65.82038651004169% of recidivists are classified correctly by COMPAS.
Precision gives the postive predictive value. That is, given that a prediction to recidivate was made, the percentage of people who did actually recidivate among the people predicted to recidivate  was :63.445544554455445
Recall is the percentage who did recidivate in accordance with the prediction with respect to all those who did recidivate, whether predicted or not.  The recall is 64.51872734595247


**c. Note the accuracy of the COMPAS classification, and also how its errors were distributed. Would you feel comfortable having a judge use COMPAS to inform your sentencing guidelines? At what point would the error/misclassification risk be acceptable for you?**

Note: Given that judges are also not perfect, I will not consider 'zero error' an acceptable answer if you do not also consider human error in your answer.

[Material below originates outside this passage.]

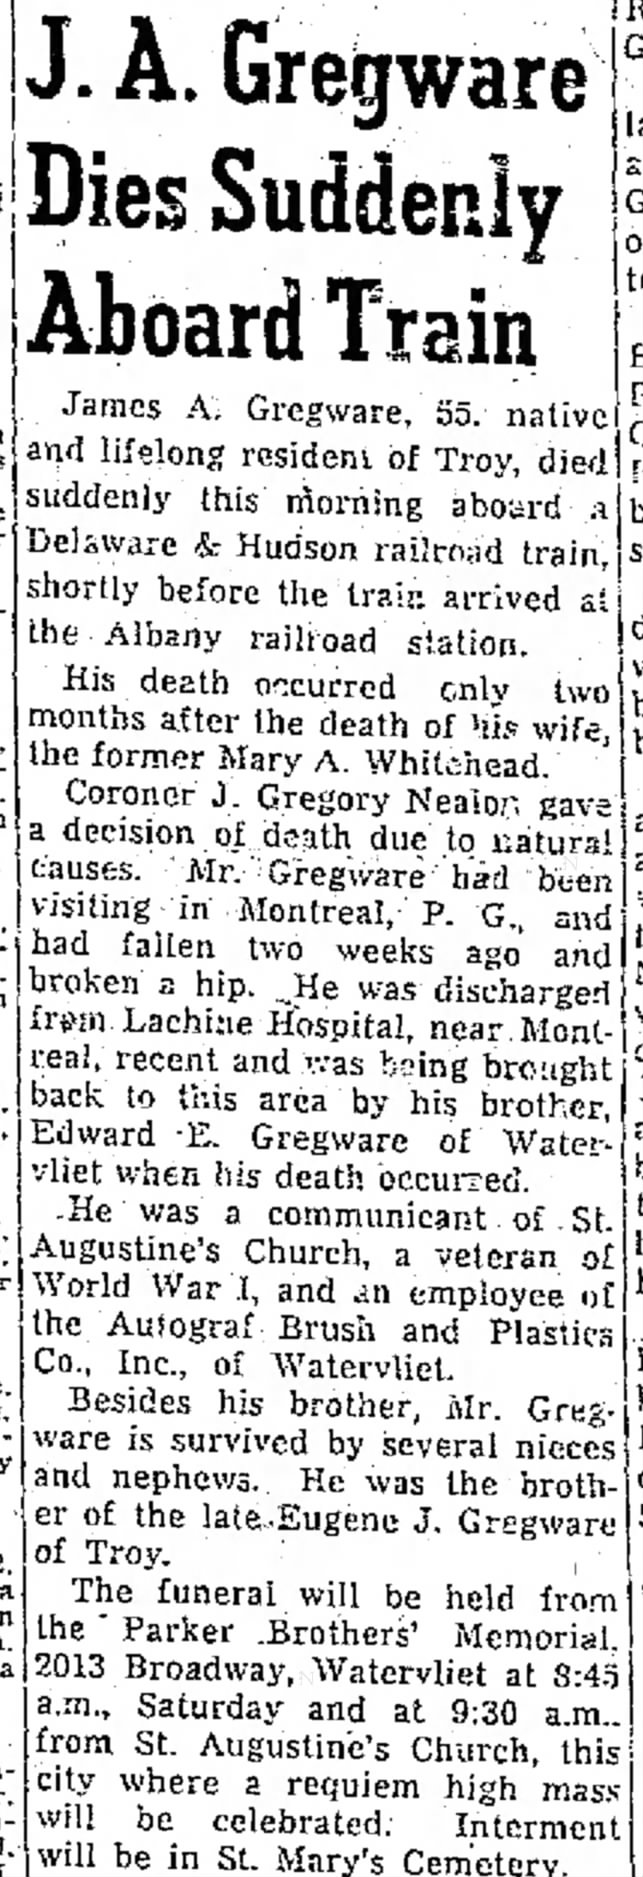 J.A. Gregware Dies Aboard Train  4/30/52 newspaper

The values calculated in part b indicate that there is a considerable number of recidivists classified incorrectly: all the measures calculated showed a 35 to 40% error rate. Due to this, I don't think COMPAS currently is a fair method of deciding sentencing guidelines. To become reliable, we need a much smaller error rate: 2-5% would be acceptable.

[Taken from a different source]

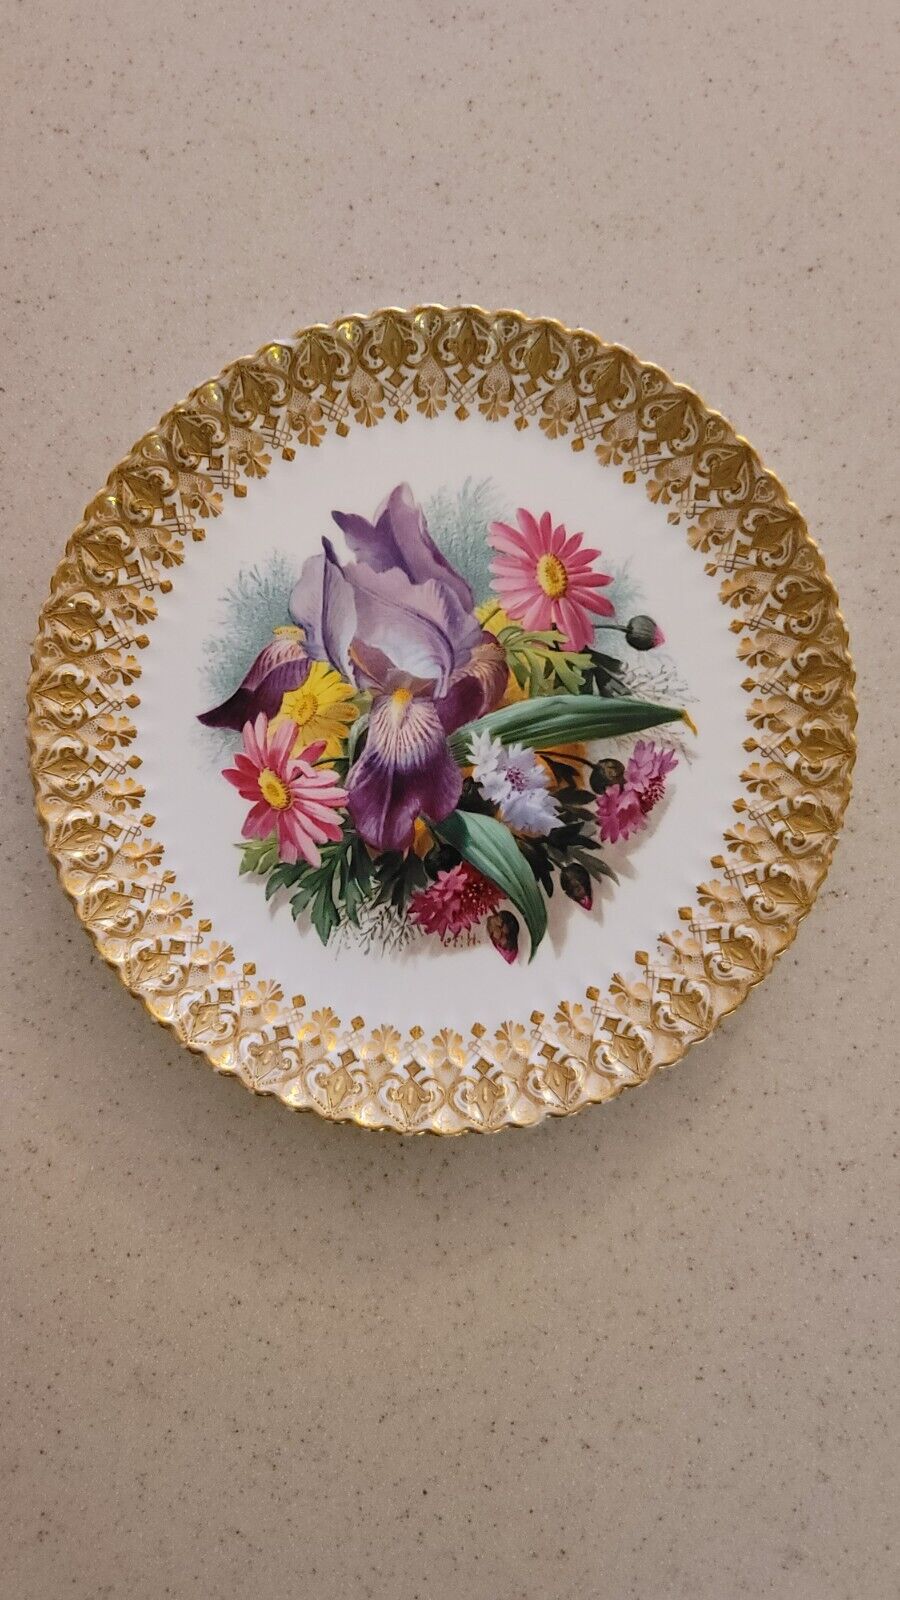 Exceedingly Rare 19th Century C F Hurten Copeland Spode handpainted Plate

**d. Now, you will repeat your confusion matrix calculation and analysis from 1b. But this time for subsets of the population, first for only African-American individuals, and then for Caucasians.** 

* How accurate is the COMPAS classification for African-American individuals? For Caucasians?
* What are the false positive rates? (FP / (FP + TN)) 
* The false negative rates? (FN / (FN + TN)) 


In [6]:
compasaa = compas[compas.race == "African-American"]
compascauc = compas[compas.race == "Caucasian"]

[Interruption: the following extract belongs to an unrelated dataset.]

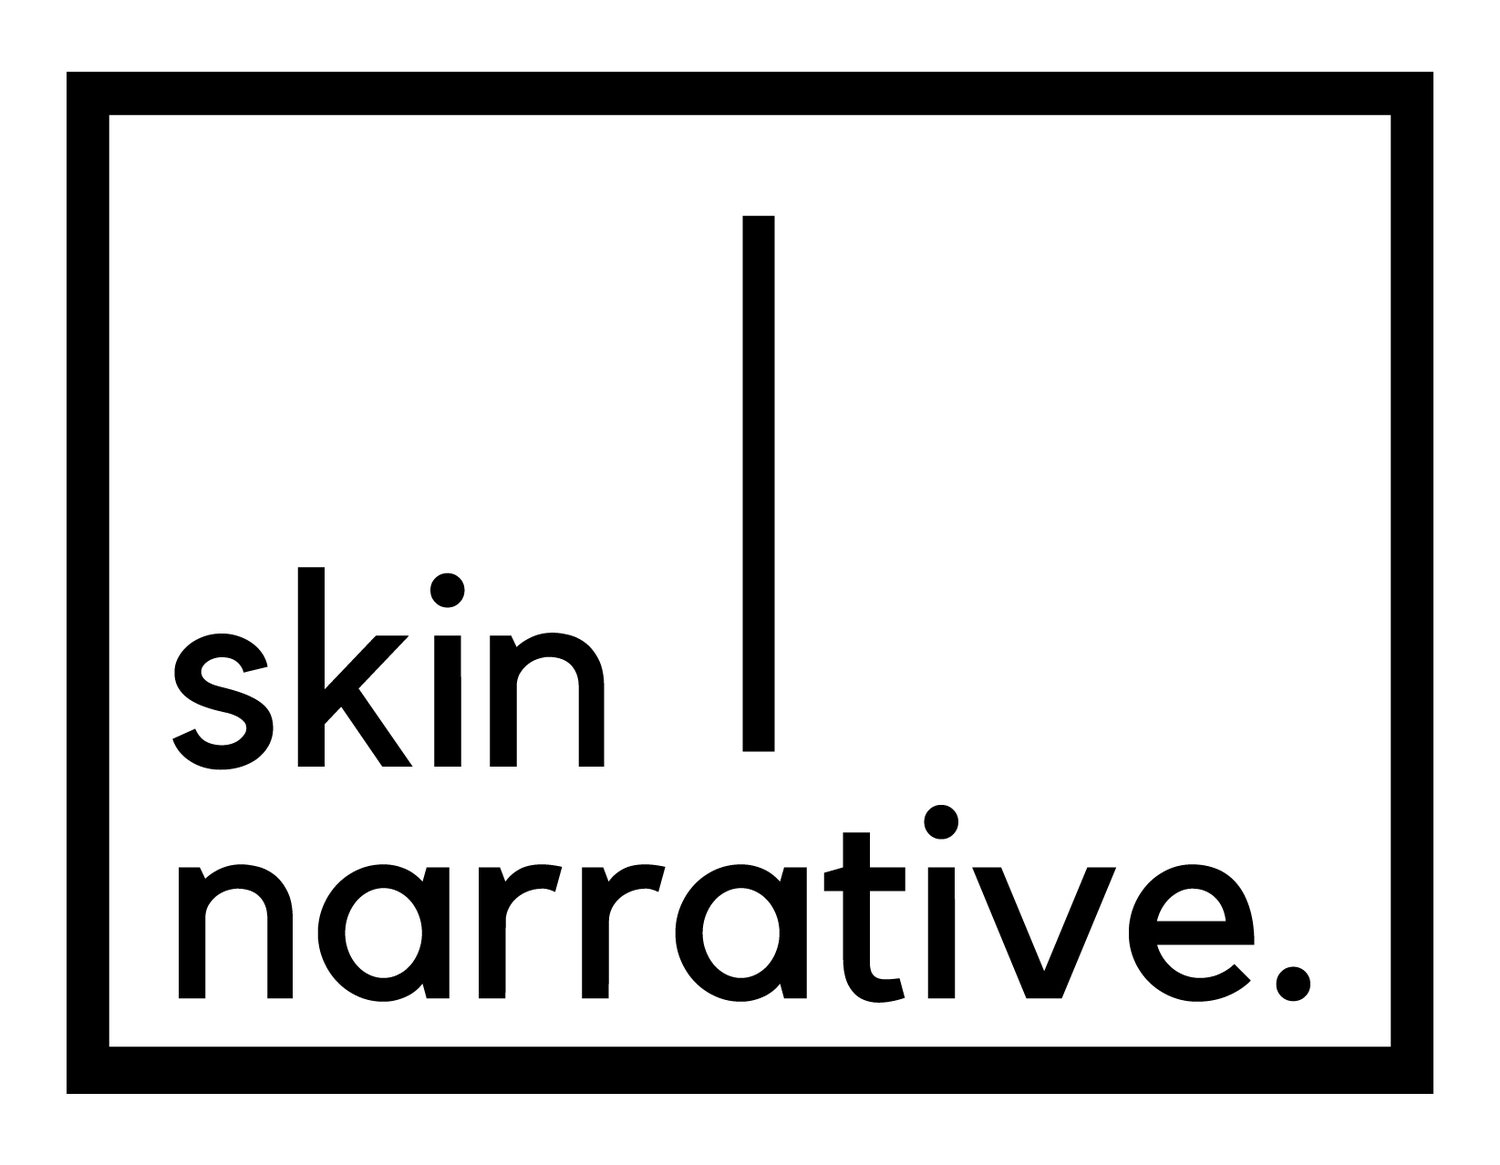 Skin Narrative

riskmatrixaa = confusion_matrix(compasaa.two_year_recid, compasaa.score_text)

accuracyaa = accuracy_score(compasaa.two_year_recid, compasaa.score_text)
precisionaa = precision_score(compasaa.two_year_recid, compasaa.score_text)
recallaa = recall_score(compasaa.two_year_recid, compasaa.score_text)

riskmatrixaa = confusion_matrix(compasaa.two_year_recid, compasaa.score_text)
(tnaa, fpaa, fnaa, tpaa) = confusion_matrix(compasaa.two_year_recid, compasaa.score_text).ravel()

print(str(accuracyaa* 100)+ "% of African American recidivists are classified correctly.")
print("The precision for African American recidivists is " + str(precisionaa* 100))
print("The recall for African American recidivists" + str(recallaa* 100))



riskmatrixcauc = confusion_matrix(compascauc.two_year_recid, compascauc.score_text)
(tnc, fpc, fnc, tpc) = confusion_matrix(compascauc.two_year_recid, compascauc.score_text).ravel() 

accuracycauc = accuracy_score(compascauc.two_year_recid, compascauc.score_text)
precisioncauc = precision_score(compascauc.two_year_recid, compascauc.score_text)
recallcauc = recall_score(compascauc.two_year_recid, compascauc.score_text)



print(str(accuracycauc* 100)+ "% of Caucasian recidivists are classified correctly.")
print("The precision for Caucasian recidivists is " + str(precisioncauc* 100))
print(" The recall for Caucasian recidivists are " +str(recallcauc* 100))



print(str(fpaa/(fpaa+tnaa)) + " was the false positive rate for African Americans.")
print(str(fpc/(fpc+tnc)) + " was the false positive rate for Caucasians.") 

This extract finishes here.